I did this all through my childhood. I stopped when I got to my early twenties, no idea why. The interesting thing is, I have realised that my Dd has been doing it too - she is 12. I always knew she had a strong imagination, but she confessed to me the other day, that the reason she didn't make friends throughout primary school, was because she chose to 'canter' around the playground daydreaming during every playtime. She actively pushed other kids away, because she wanted to be by herself. I had never been able to understand why she struggled so much to make friends and it makes me sad to think she probably could have. Now, she is at secondary she is still having difficulty making friends but is trying so hard. She still daydreams, while listening to her headphones, but now I know how much it can control her, we will be making sure it doesn't take her 'real' life over.

Looking at it from my perspective, I did it to escape a fairly difficult childhood. I saw it as having a holiday from 'being me' - a means of turning off difficult emotions and escaping to somewhere more pleasant and easy. The problem was, I didn't really engage in real life, and am now finding some aspects of being a grown-up quite challenging.

OP, I think it shouldn't really be a problem if you let yourself acknowledge that real life has to take priority over the daydreaming. Maybe have a set time of day when you allow yourself to do it, but try and keep it compartmentalised, if you see what I mean?

badabing36 Wed 09-Nov-16 21:14:24

Yes I recognise this in myself, I try hard to reign it in now I'm a Mum and I don't really have that much time to anymore.

I've always been ashamed of how much I fantasise and daydream.
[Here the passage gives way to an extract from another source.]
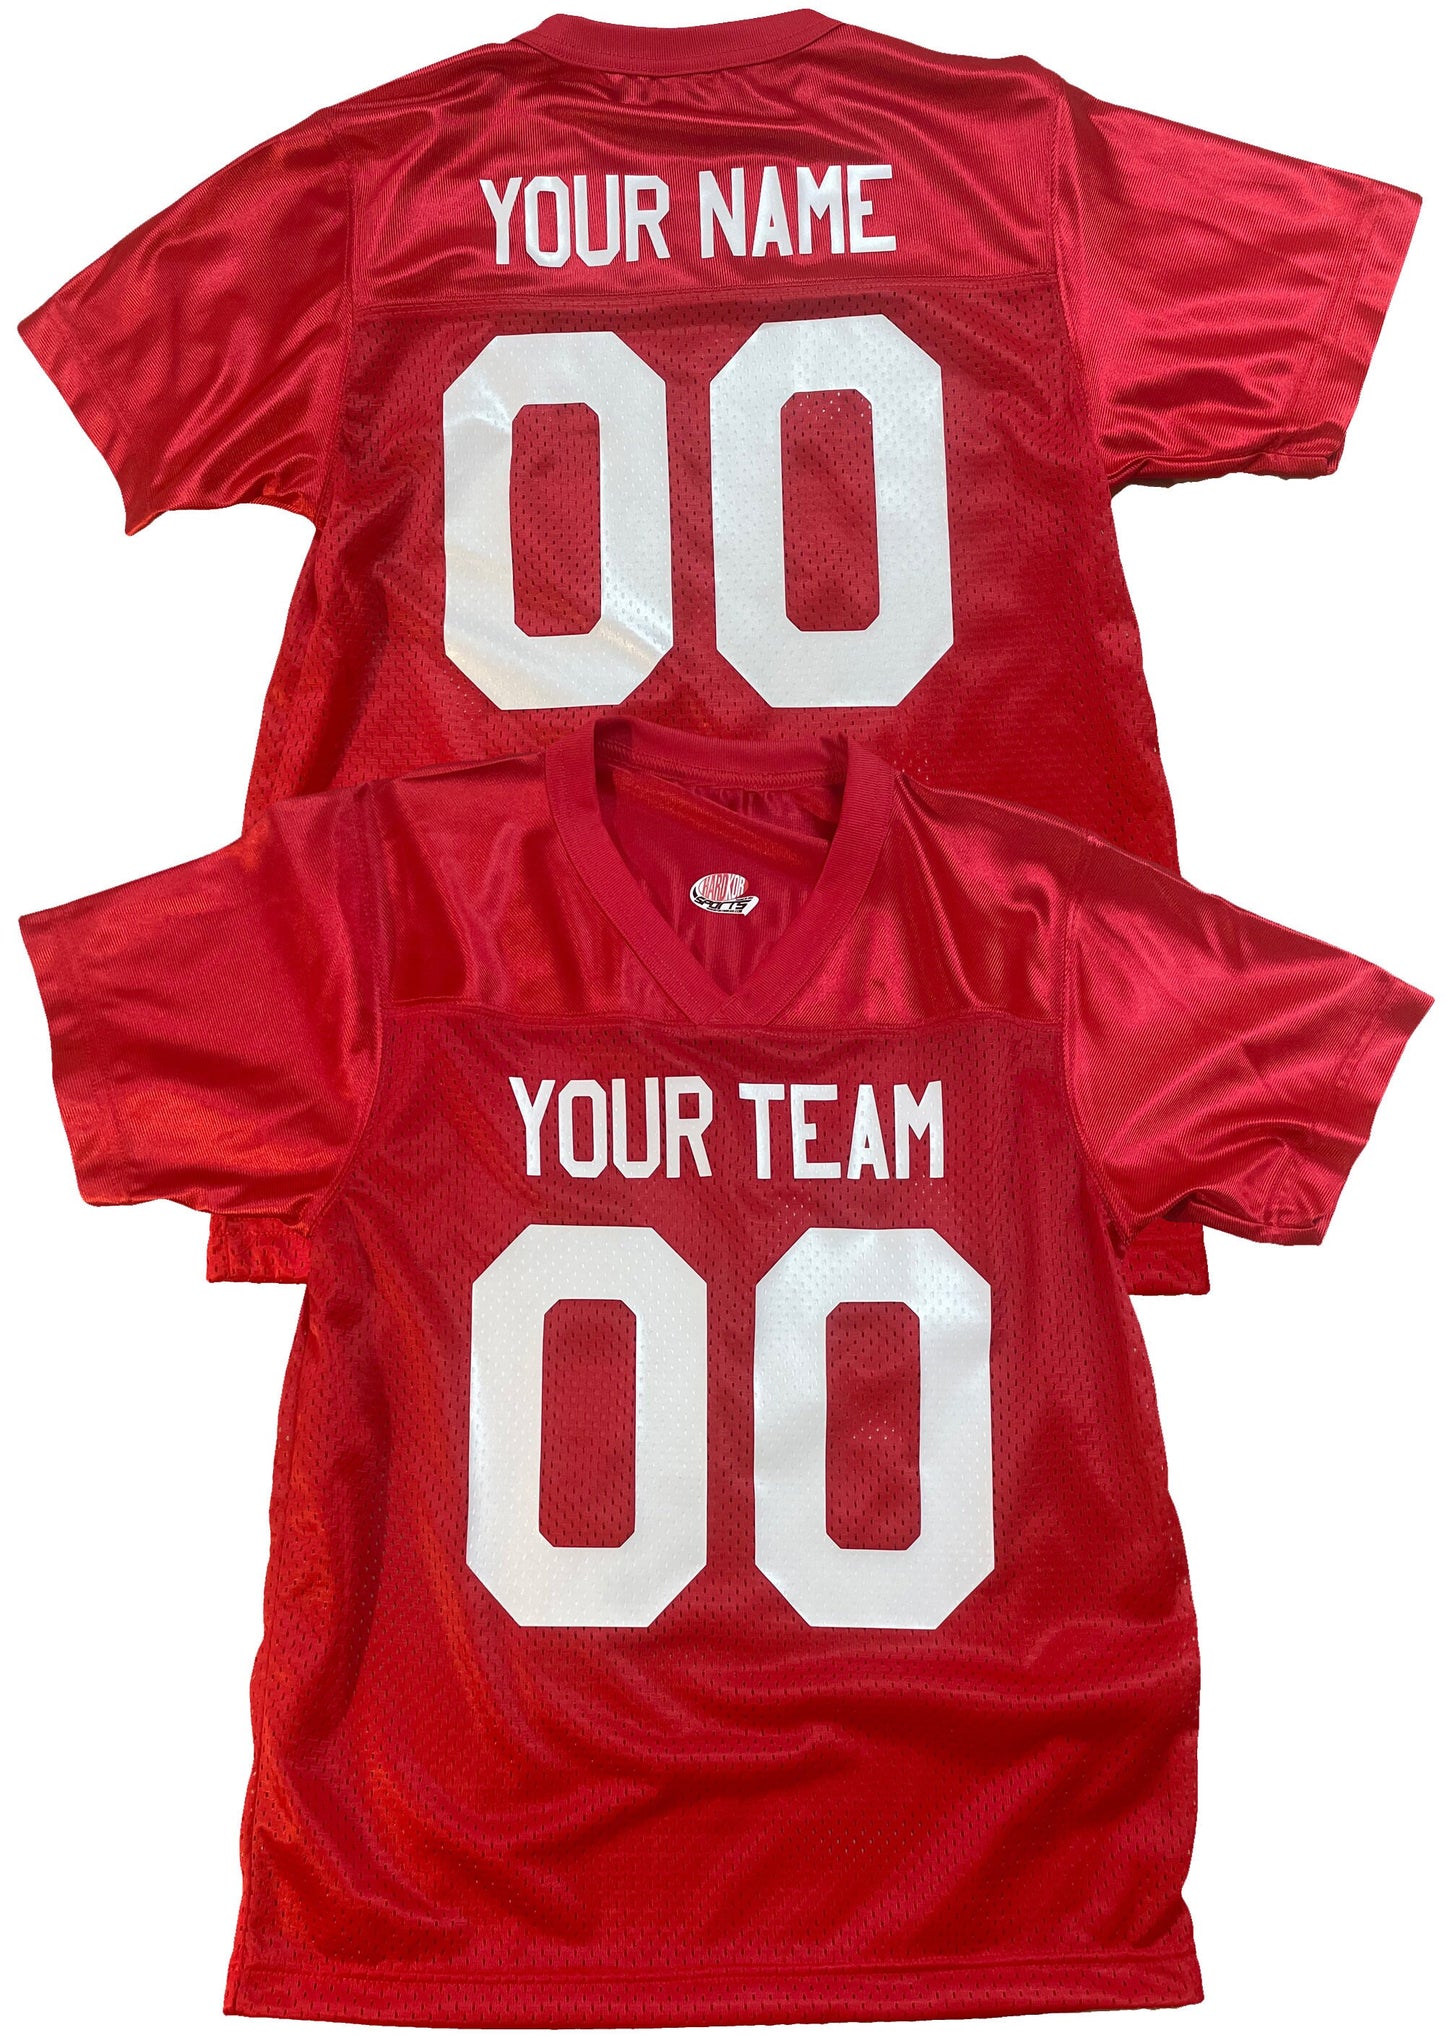 Custom Football Jersey Throwback Replica Fan Shirt | Black, Scarlet Red, White, Royal Blue, or Navy Blue with Your Names and Numbers

I agree that when I was depressed I did it more. It's just a nice quick fix for you me problems, imagine some prefect future where you have everything you want or escape into a completely different fantasy world.

I realised a couple of years ago that I was never getting anything done in my actual life because whenever I was on my own I was in la la land.

It's really hard to stop yourself sometimes though.

LeafCollection Thu 10-Nov-16 21:44:17

Thank you for all the replies.

It's interesting that others have experienced this too. I feel it is edging towards unhealthy for me because it does stop me from doing everyday things. Also because I do it most when I feel down or things are difficult. I think I will have to make a conscientious effort to stop or like a pp said, make a set time. Sometimes I feel I am not living life to its full, just thinking about living it grin

Itisnoteasybeingdifferent Thu 10-Nov-16 22:07:30

I spend too much time in MN...

hopscotchegg Sun 13-Nov-16 19:05:06

I do this too! It is different to schizophrenia as it is not about having delusions or hallucinations. It can be a kind of dissociation.

Strummerville Tue 15-Nov-16 20:17:00

The obsessions you describe with TV shows, I can totally relate to. Totally. I get on a "kick" where I watch a show every night, a specific number of episodes, and spend my free time reading about the making of it, the actors, the characters, I follow links and fall down a hole of reading endless reviews and opinion pieces related to whatever it is I'm watching blush. Then when I finish it I feel bereft for a while before moving on to something else.

Some programmes I come back to repeatedly. I'll watch from the beginning for the second, third, fourth time. It's escapism and comfort, I think. I really look forward to sitting down to two episodes of whatever I'm on each night.

It may be ASD-related in my case.

margaritasbythesea Tue 15-Nov-16 20:23:34

I do something similar. I am torn between wondering as you do if it is depressive or whether it is a really great and safe way of relieving stress.